EXHUMATION – Consider This
Exhumation is and always will be among India’s biggest death metal represents. Having been around since 2002, the quartet has battled through extended stretches of inactivity to bring out their first full length album in almost 10 years and first release since ‘For Personal Consumption Only’ in 2006.
The first track on ‘Consider This’ is ‘All That Is.’ The song (and pretty much the entire album) is built upon some stellar riffing courtesy Prashant Shah. The drumming is intense, maybe too intense and ends up sounding rather too mechanical at times. The vocal assault courtesy Aditya Mehta explores the extremes of the human voice box and it would be safe to say that his extremes are pretty fuckin’ extreme. The band’s earlier releases presented a more guttural tone, along the lines of Suffocation and Disgorge but ‘Consider This’ includes more varied high pitched screams as well. It works, too…

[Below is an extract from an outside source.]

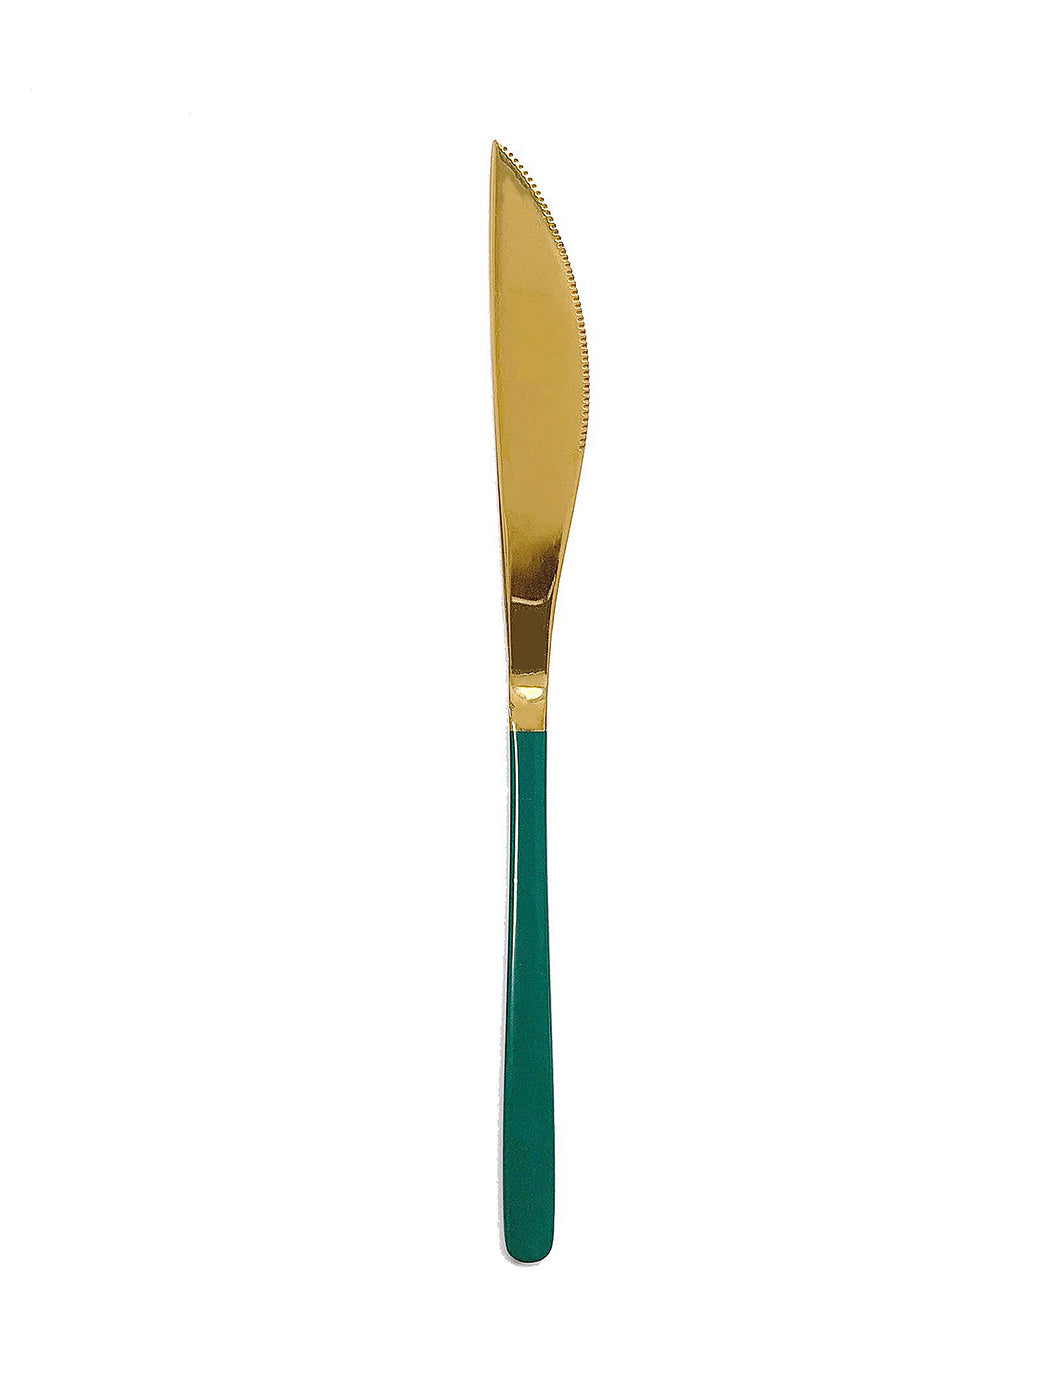 MINISO LIGHT LUXURY GOLDEN KNIFE WITH LONG HANDLE (GREEN & GOLDEN) 2010420310106 KNIFE/ FORK/ SPOON/CHOPSTICKS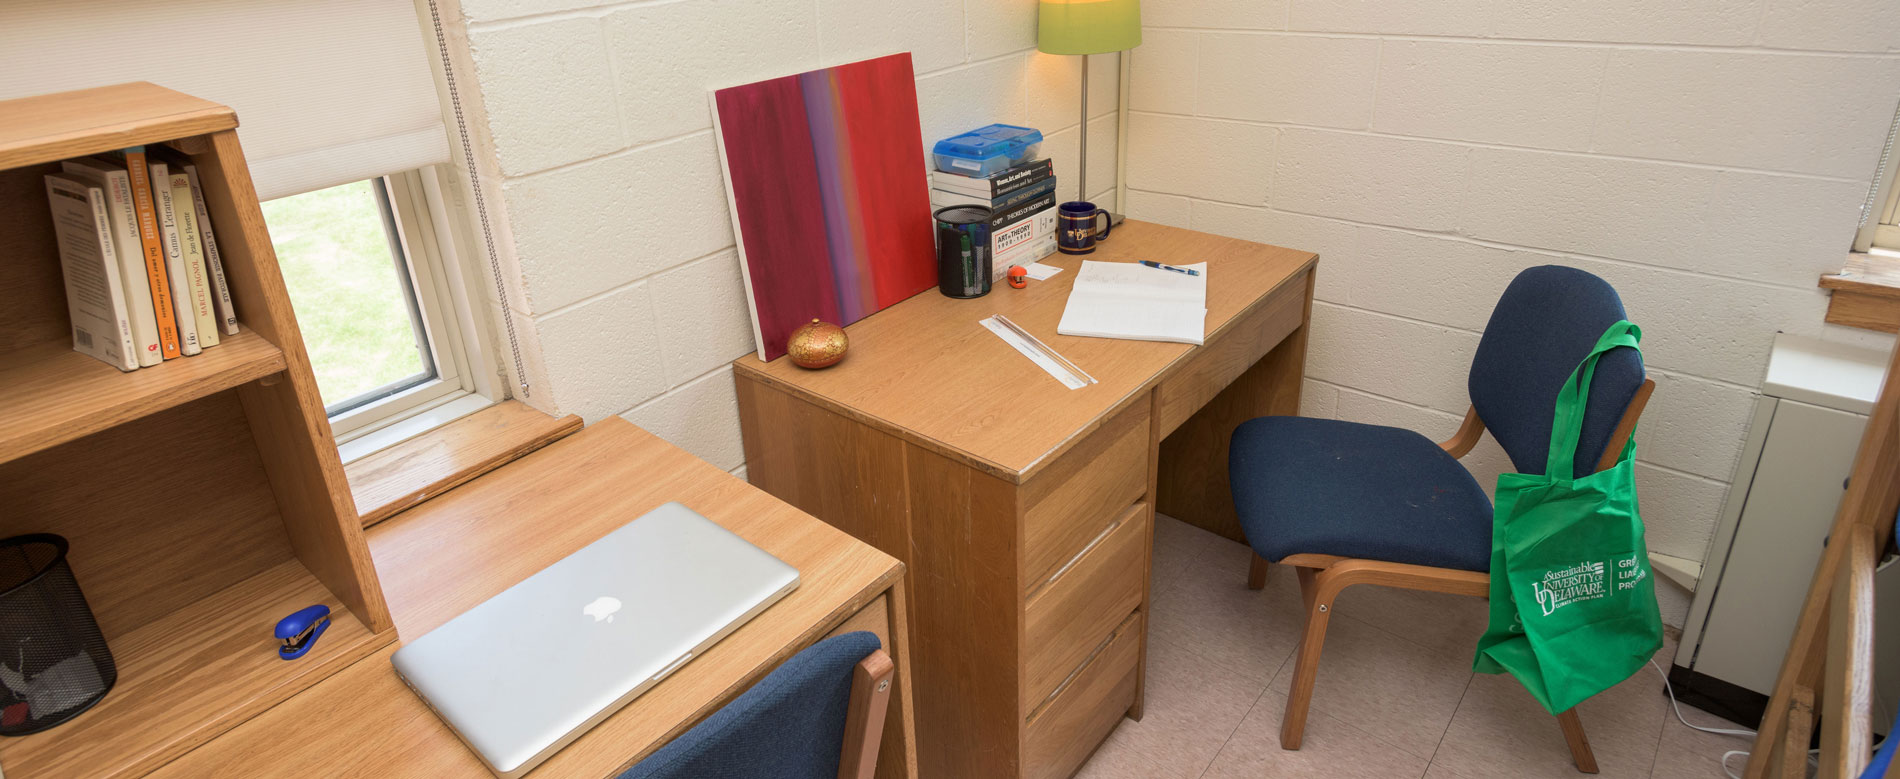 Two side-by-side desks in a Ray Street dorm room

‘Blood Drenched Flags’ and ‘Black Plague’ continue the similar savage pounding to the senses and ‘Hell Forbid’ maintains the vibe of rhythmic relentlessness. The essential ‘sound’ of the album is a very violent, aggressive flurry of notes with some riffs repeating themselves in various avatars over the length of the album. The title track, ‘Consider This’ gets my pick of the album. The deeply intrinsic, burrowing hooks on the song dig deeper into your flesh, which is all that needs to be said about the song. As the album plays on and a minute turns to five, the initial whiff of evil that was felt turns into a fully blown gust of apocalyptic destruction/
That said, through out the entire album, there’s a very disturbing lack of energy in the music, a trend that hasn’t presented itself in any of the band’s previous outputs. The music is brazenly barbaric and downright terrorizing at times. Case in point: ‘Absolute Power Now.’ Yet, the slick, layered production wipes away the grime and dirt that brutal death metal revels in, and extinguishes the living pulse of the music. Not to take anything away from Kuber Sharma, the man behind the console but to me, this music is one that is best served raw and ‘Consider This’ sounds far too processed and lifeless to fit into the greater scheme of things.